RECORDED DATA –
++++++++++
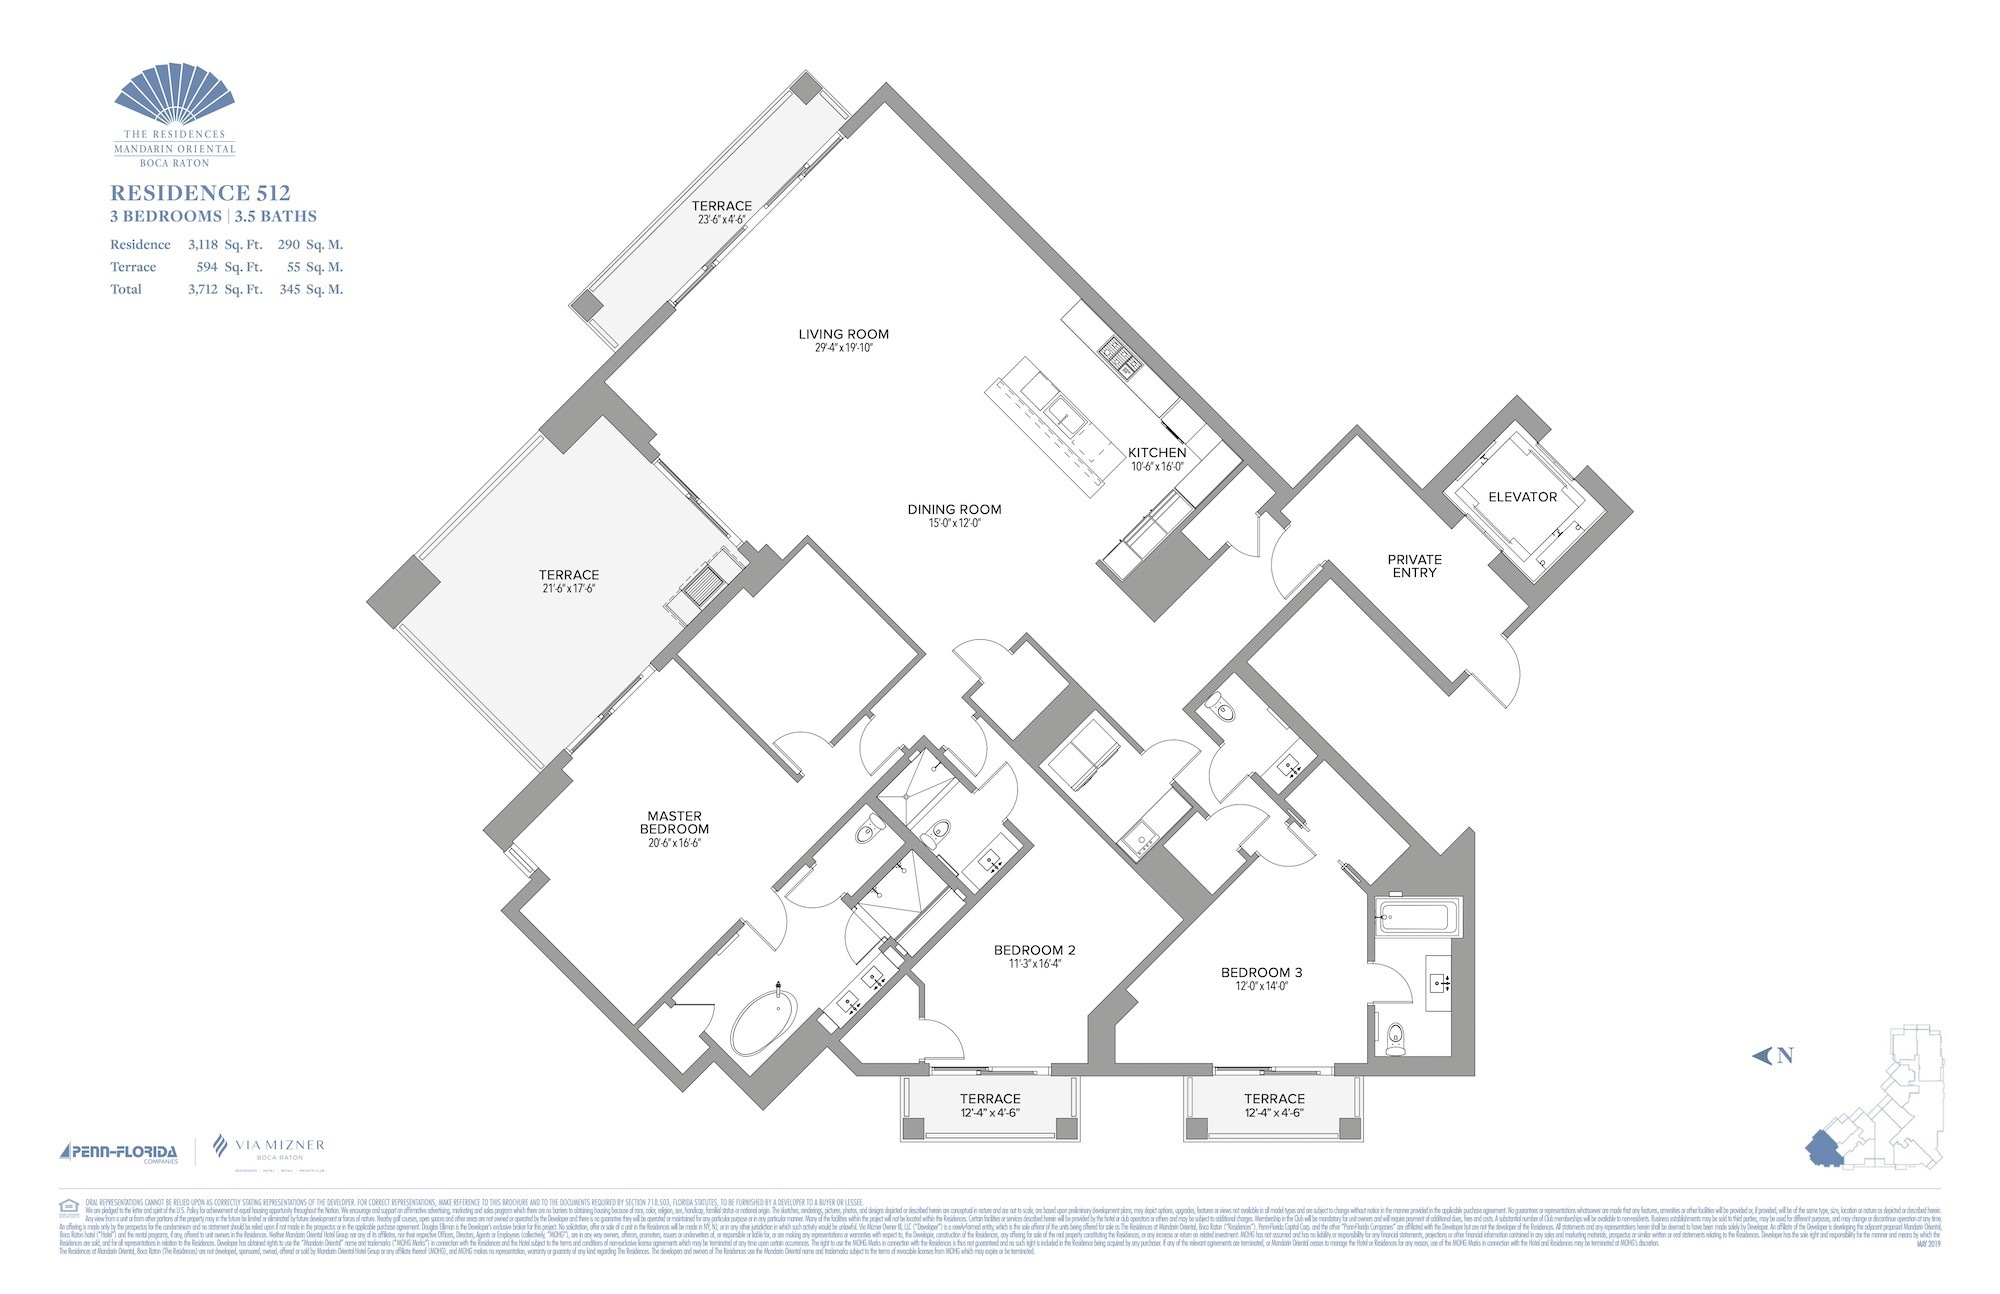 Floor Plan for Residence at Mandarin Oriental Floorplans, Residence 512
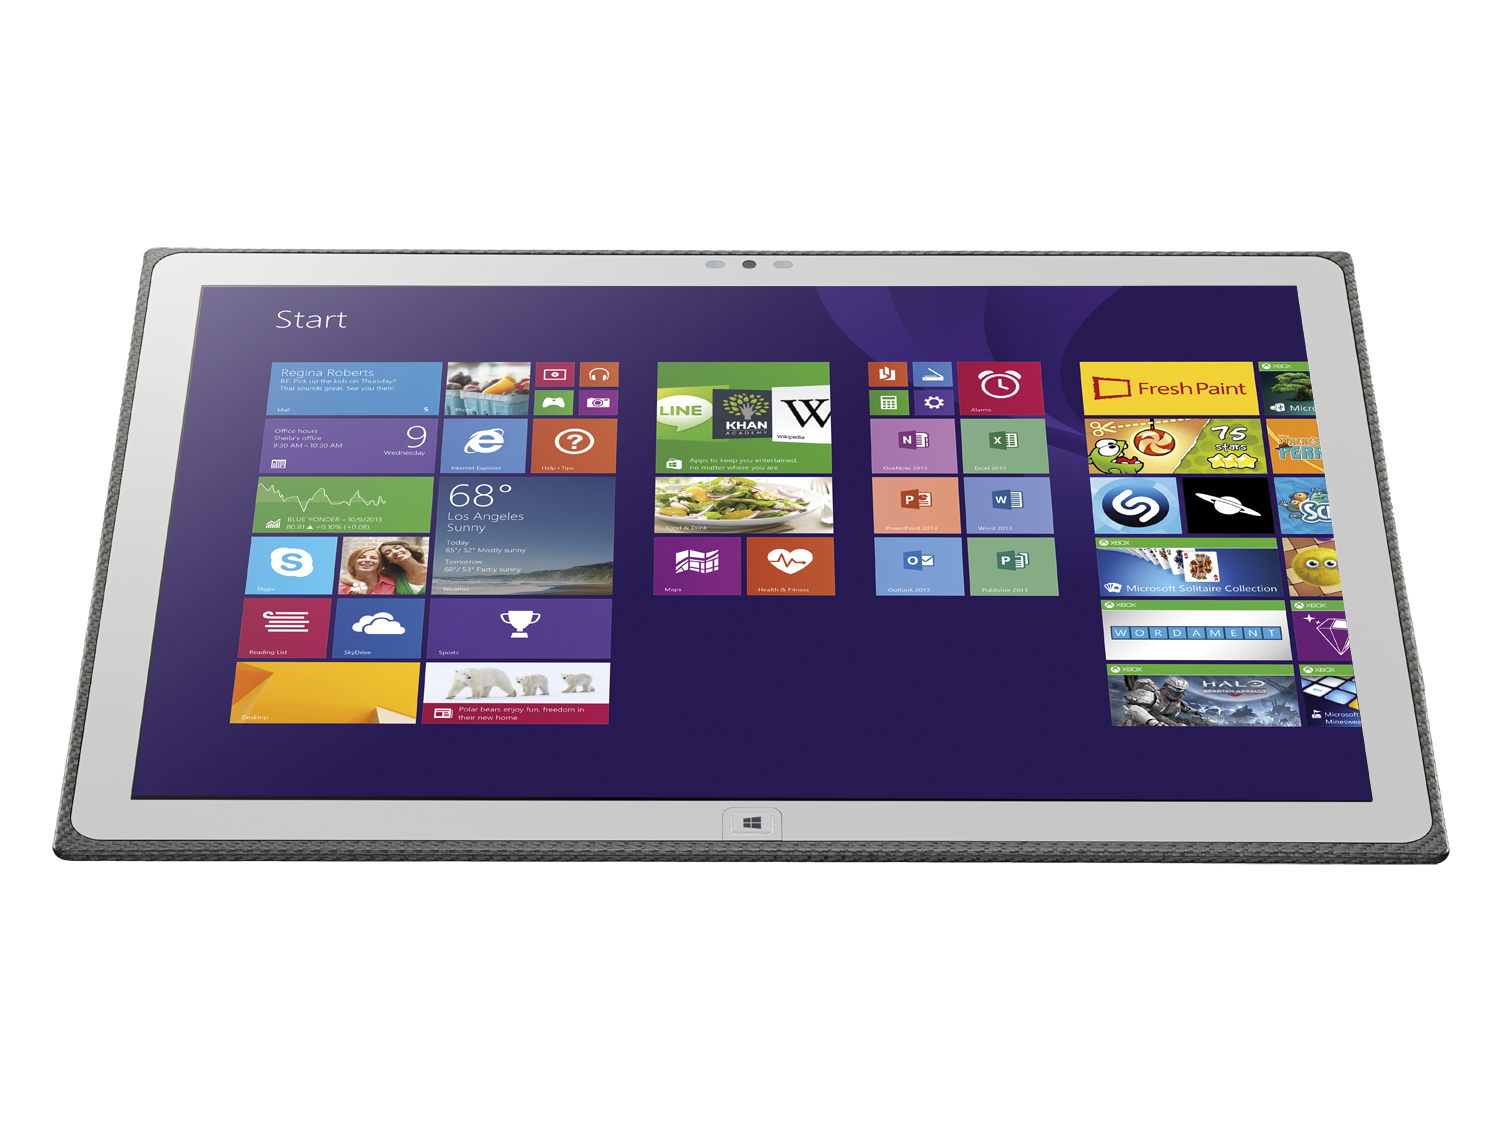 Immagine pubblicata in relazione al seguente contenuto: Panasonic lancia il tablet ToughPad 4K UT-MA6 con display 4K | Nome immagine: news20904_ToughPad-4K-UT-MA6_2.png
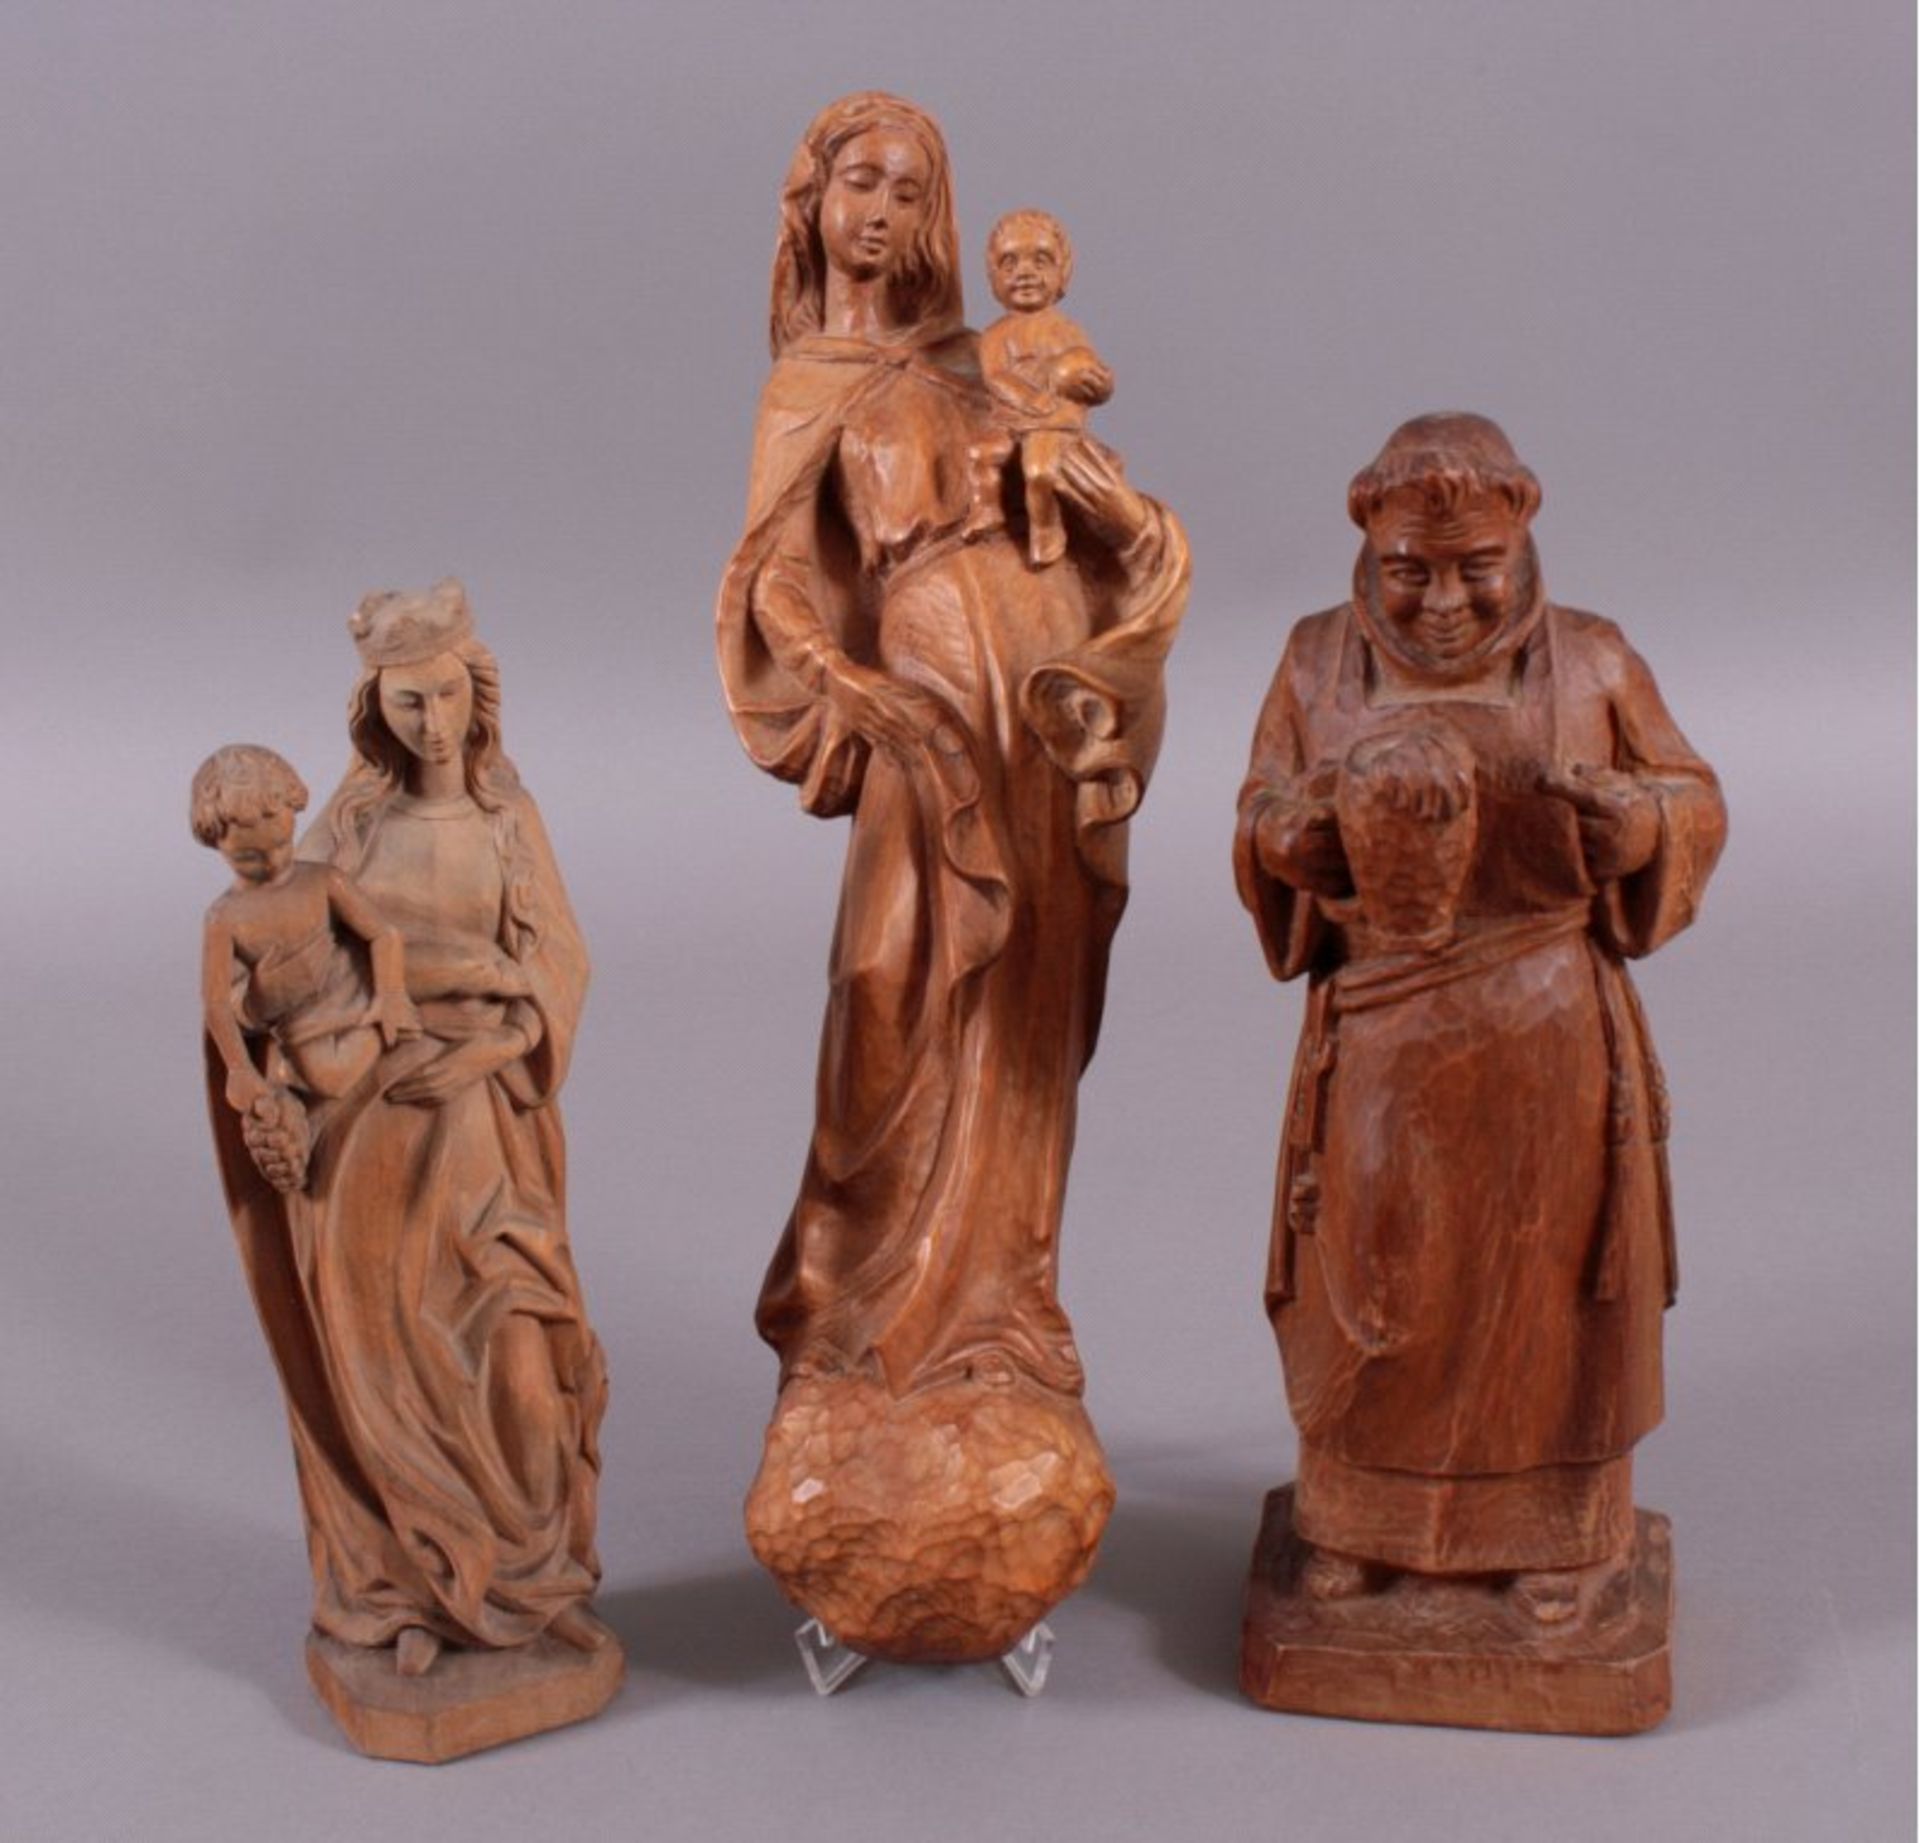 Holz-Skulpturen, 3 Stück2x Maria mit Kind, ca. H-34/50 cm.1x Mönch mit Krug, ca. H-38cm.
++++++++++
WHAT THE TASK REQUIRES –
Go through the material above and print all of it exactly, except the pictures.

OUTPUT FOR THIS TASK –
 Floor Plan for Residence at Mandarin Oriental Floorplans, Residence 512
 Immagine pubblicata in relazione al seguente contenuto: Panasonic lancia il tablet ToughPad 4K UT-MA6 con display 4K | Nome immagine: news20904_ToughPad-4K-UT-MA6_2.png
 Holz-Skulpturen, 3 Stück2x Maria mit Kind, ca. H-34/50 cm.1x Mönch mit Krug, ca. H-38cm.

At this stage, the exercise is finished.